2) I'm curious how the phylogeny correction method proposed by this last paper by Qin and Colwell stacks up to APC. It would be interesting if this method still does not do better. I suggest that the authors add this comparison to their paper.

3) Why not report the computational complexity of these various corrections? I suppose they should all be dwarfed by the complexity of the inference algorithm, but tradeoff between scalability and accuracy should be addressed. In this 'big data' era, I think approximate methods that can eat a lot of data often outperform more exact methods that don't scale as well.

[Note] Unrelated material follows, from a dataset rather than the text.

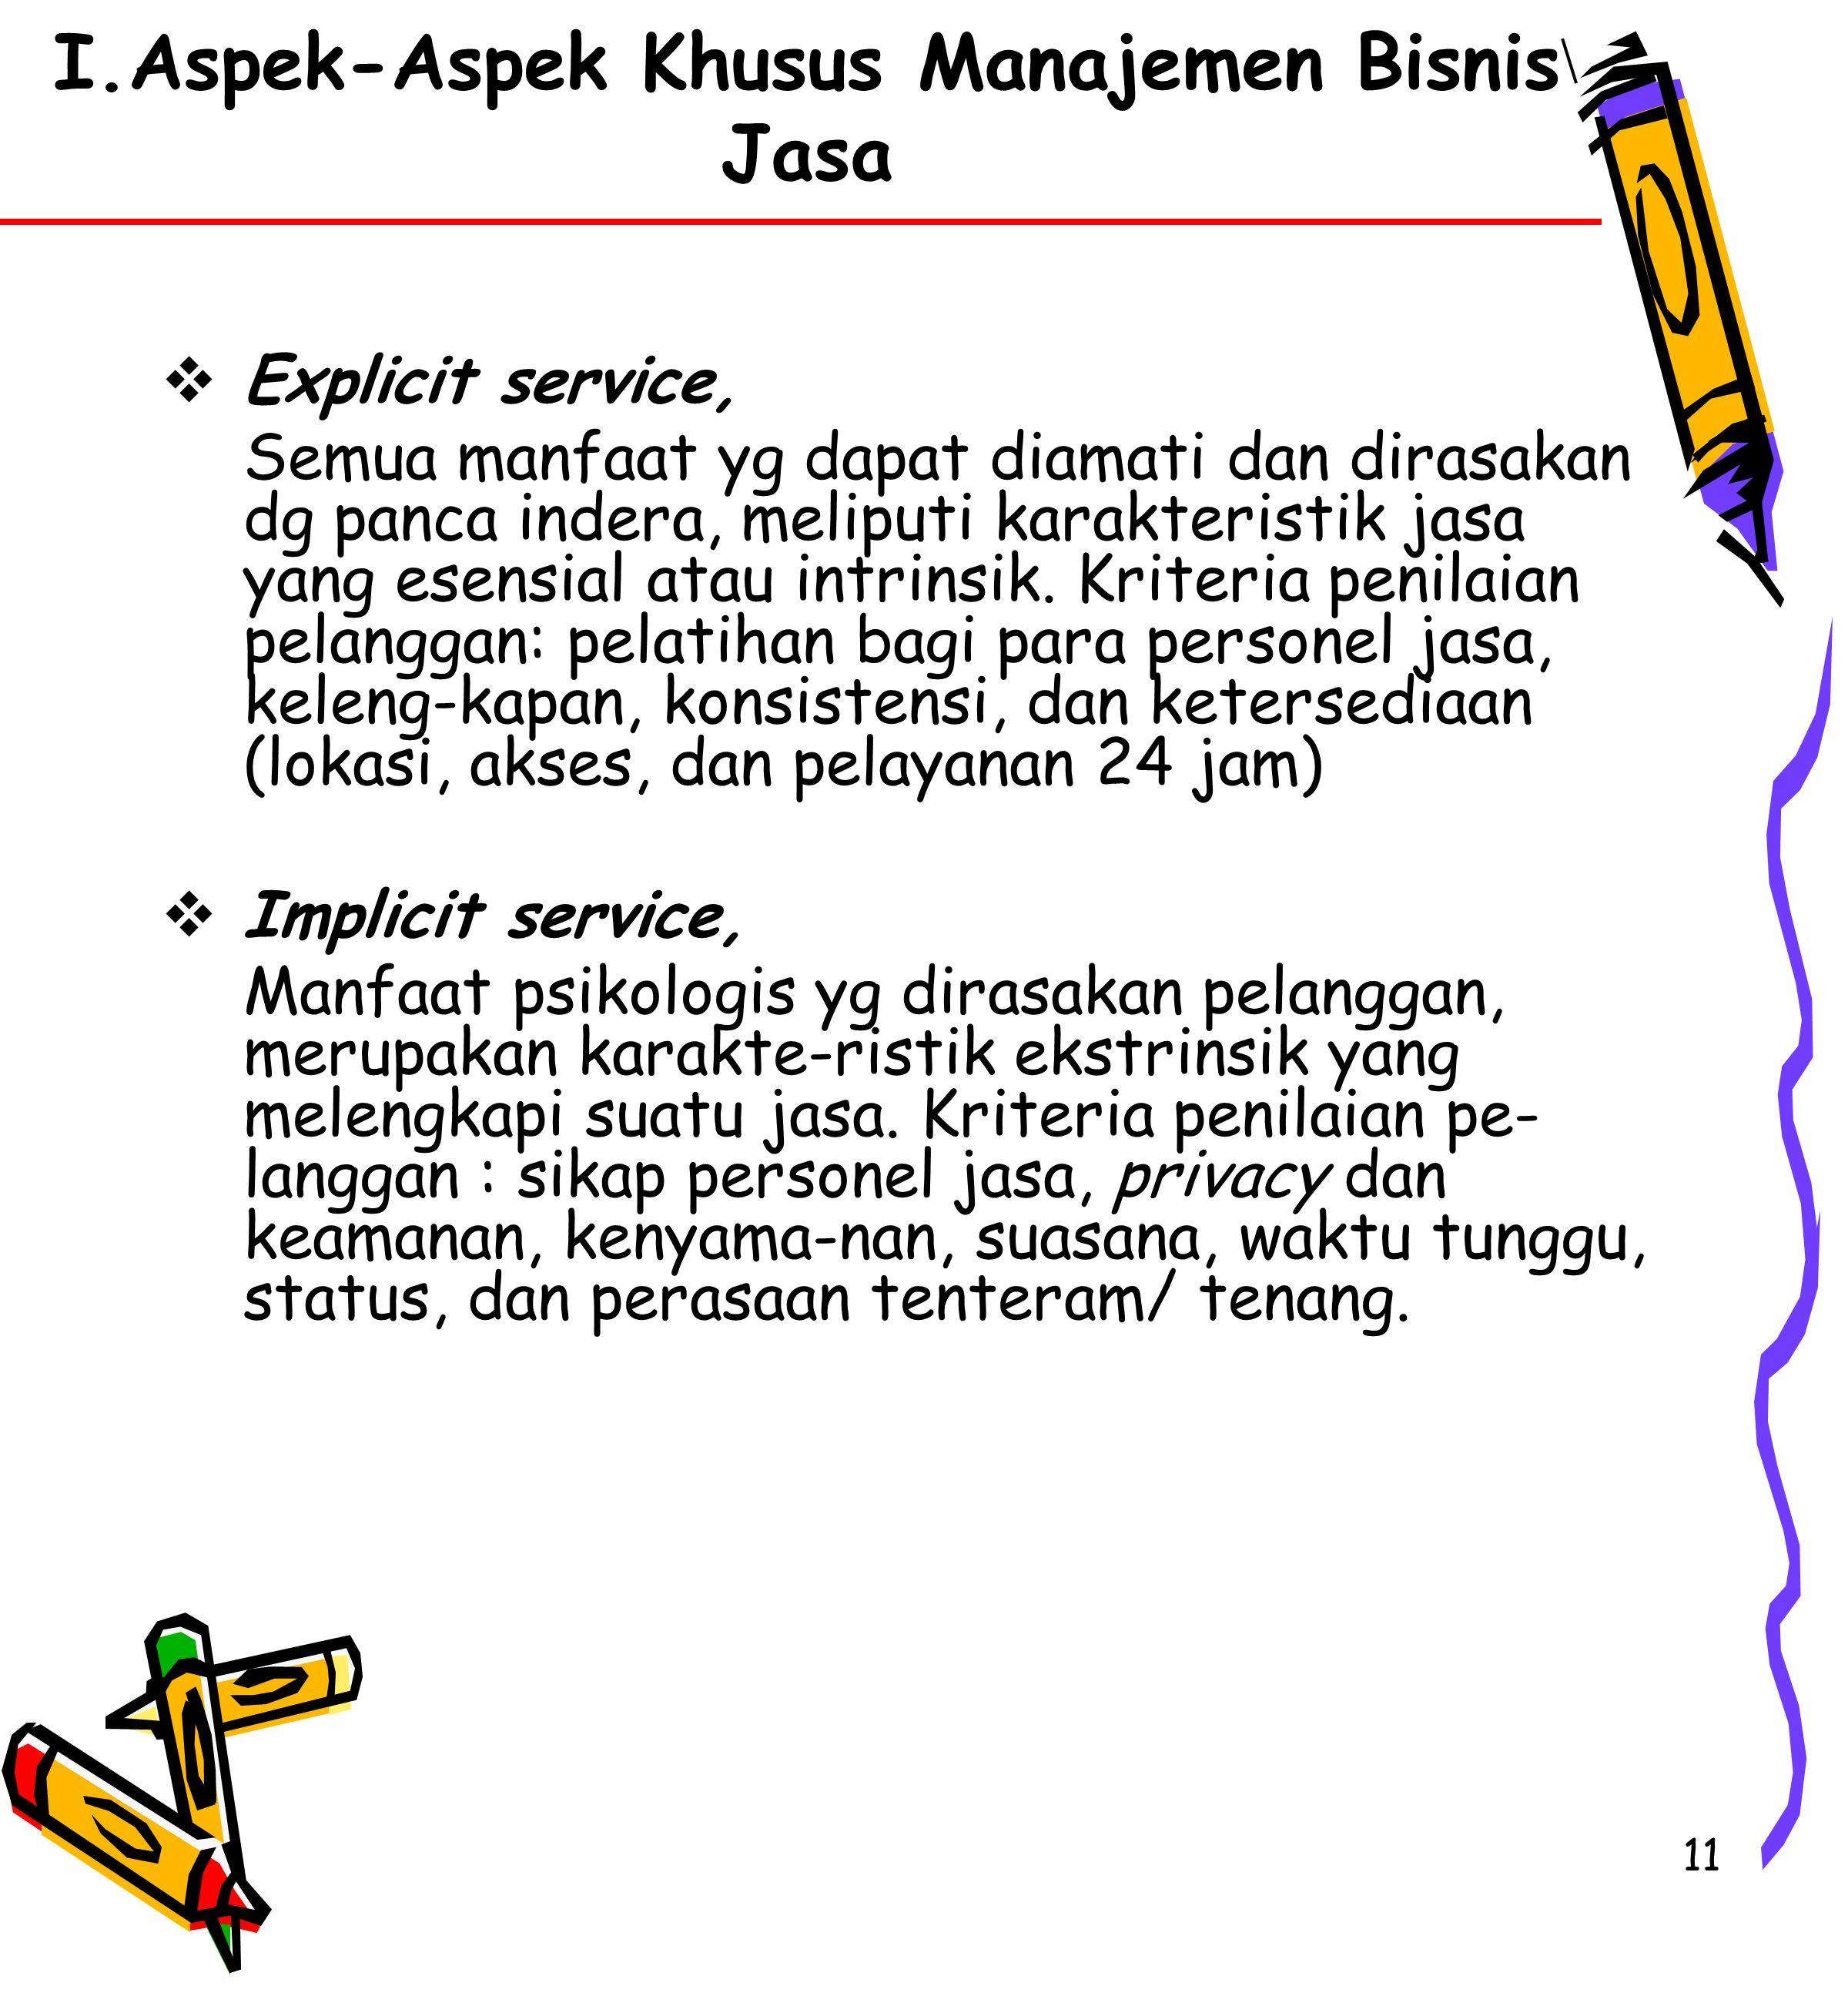 11  Explicit service, Semua manfaat yg dapat diamati dan dirasakan dg panca indera, meliputi karakteristik jasa yang esensial atau intrinsik.

4) For this reason, I'm skeptical of the last sentence of the paper: "We therefore speculate that substantial improvements to evolutionary coupling analyses will require the explicit incorporation of phylogenies and time-dependent sequence evolution, but how to do so remains elusive." If explicitly incorporating phylogenies and sequence evolution is computationally expensive, it may not be worth the price. To give an example, Rivas and Eddy have recently published a study, "Parameterizing sequence alignment with an explicity evolutionary model" in which adding an evolutionary model had surprisingly little benefit while being slower. These points are worth discussing.

Cheers

Author Response

Response to reviewer 1:

Comments to the Author

I found this study clear and well-written. I recommend for publication with minor revisions. I have heard anecdotal, unpublished reports to this end, and it is nice to see a careful study on its way for publication.

 

We thank the reviewer for their kind words and for their constructive comments. Below we address each issue in turn.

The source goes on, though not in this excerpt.